Donnie Walsh, who returned to the role last summer after Bird decided to step away, last talked with Bird shortly before the playoffs began and didn't learn a thing about his plans.

“I told him he should come back, but he didn't really give me an answer, so I said that's the last time I was going to ask,” Walsh said Friday. “And it was.”

Bird, the NBA's Executive of the Year in 2012, has lived in Naples, Fla. and Nashville, Ind. for the past year. He attended a Pacers' practice early in the season and a game against Cleveland on April 9, but otherwise has been a ghost hovering over the team he mostly built.
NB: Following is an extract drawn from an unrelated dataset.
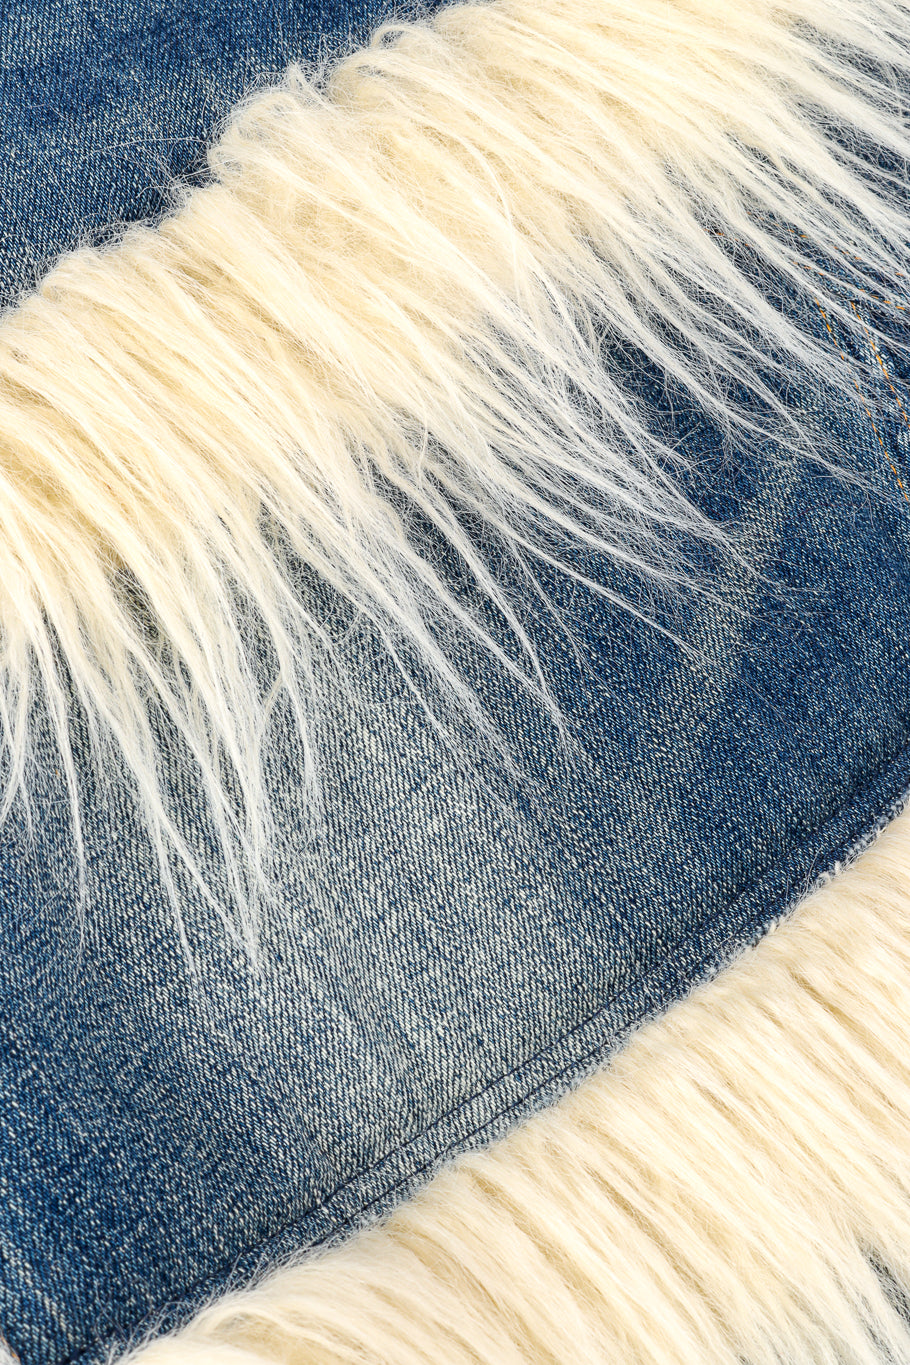 Junya Watanabe Denim Faux Fur Skirt fabric closeup @recessla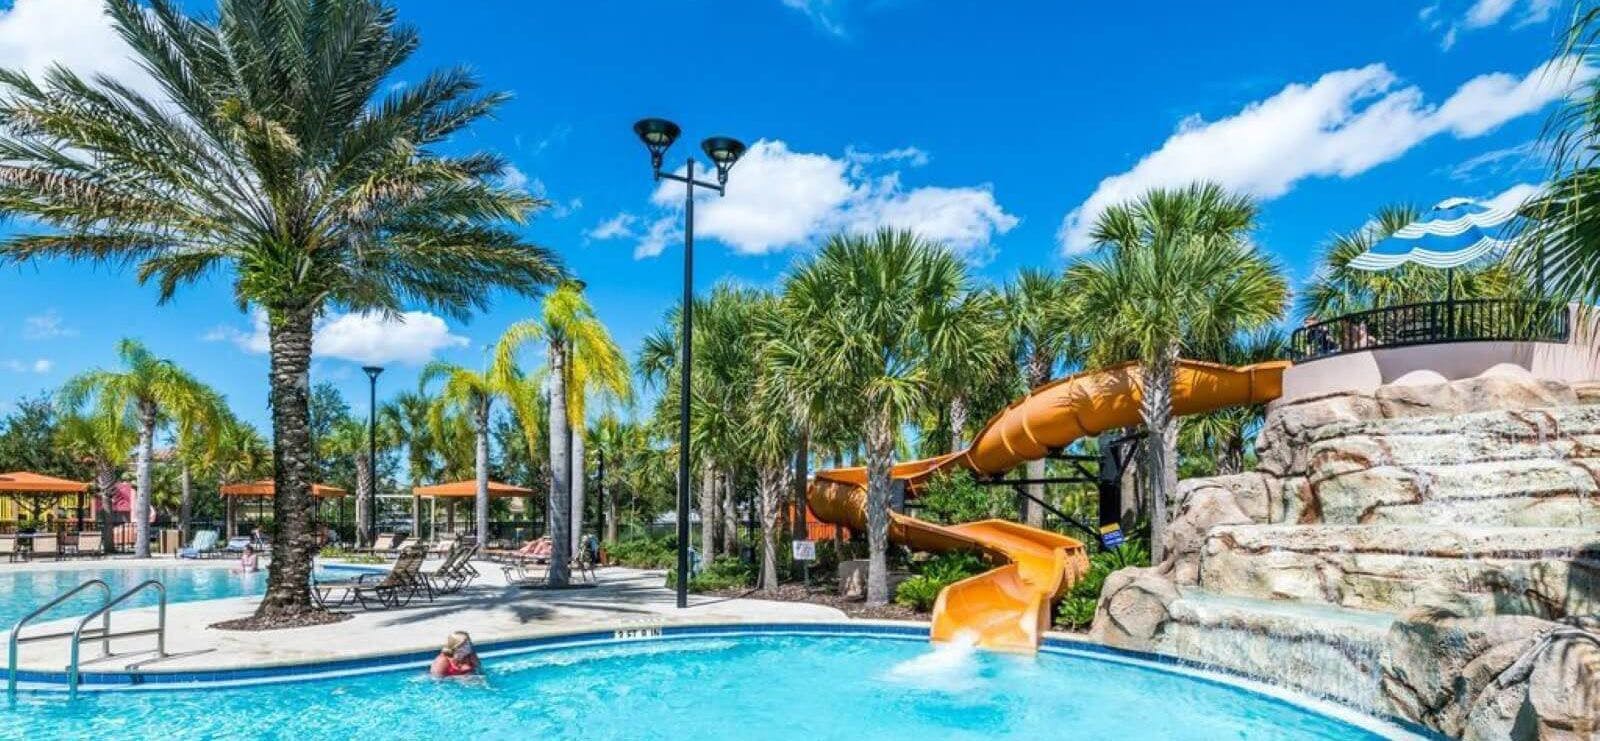 solterra-resort-vacation-rentals-resort-pool-with-slide.jpg

He has been rumored to be a candidate to take over the basketball operations of the Sacramento Kings, who are under new ownership. Retired NBA columnist Peter Vecsey tweeted on Thursday that Bird had met with Kings owner Vivek Ranadive that day and was asking for an annual salary of $5 million and a stake of ownership. More reliable reports in the Sacramento Bee and USA Today stated that Bird and Ranadive had talked, but not met.
Walsh said Bird's daughter had told him on Thursday that Bird was in Nashville.

Walsh took the job with the understanding it would be for one year, and is willing to resume retirement if Bird returns and general manager Kevin Pritchard and vice-president of basketball operations Peter Dinwiddie continue in their roles.

“That's enough on a day-to-day basis,” he said. “You can't have four guys running around here.

“The only way I'd come back is if (Bird) would say, 'I need you to help me with this,' or something like that. I know I could do that. In that role you can call people in the league and find out a lot of things. You're not the GM or the president.”

Walsh, 72, left open the possibility of remaining the team president if Bird does not return and if owner Herb Simon requests that he do so. But although he enjoyed the past season, he is not concerned with maintaining power or adding to his legacy as a team president.

“I loved doing it,” he said. “I had a great time. A great time. And it surprised me. Because once Danny (Granger) got hurt I didn't think that this team was going to be all that everybody in this franchise was betting on. And it was.

“I tried to do the job the way I see it. I've had my career. People ask, 'What's your legacy going to be?' My legacy? I hope it's my kids and my family. You guys make whatever you want out of it. I got paid. When I got started I wanted to make my living at it. That's that.”

Should Bird take the job in Sacramento, he would face a rebuilding job even greater than the one he had with the Pacers, when he assumed full-time control of the basketball operations in 2008. The Kings finished 28-54 last season, and have a major decision to make on talented but troubled center Demarcus Cousins. The Kings already have hired a new coach, Michael Malone.

“It takes a lot of courage to go do it the first time,” Walsh said. “Do you want to do it again and rebuild the team? It won't be fun. It's not fun. And you're going to lose (for awhile).”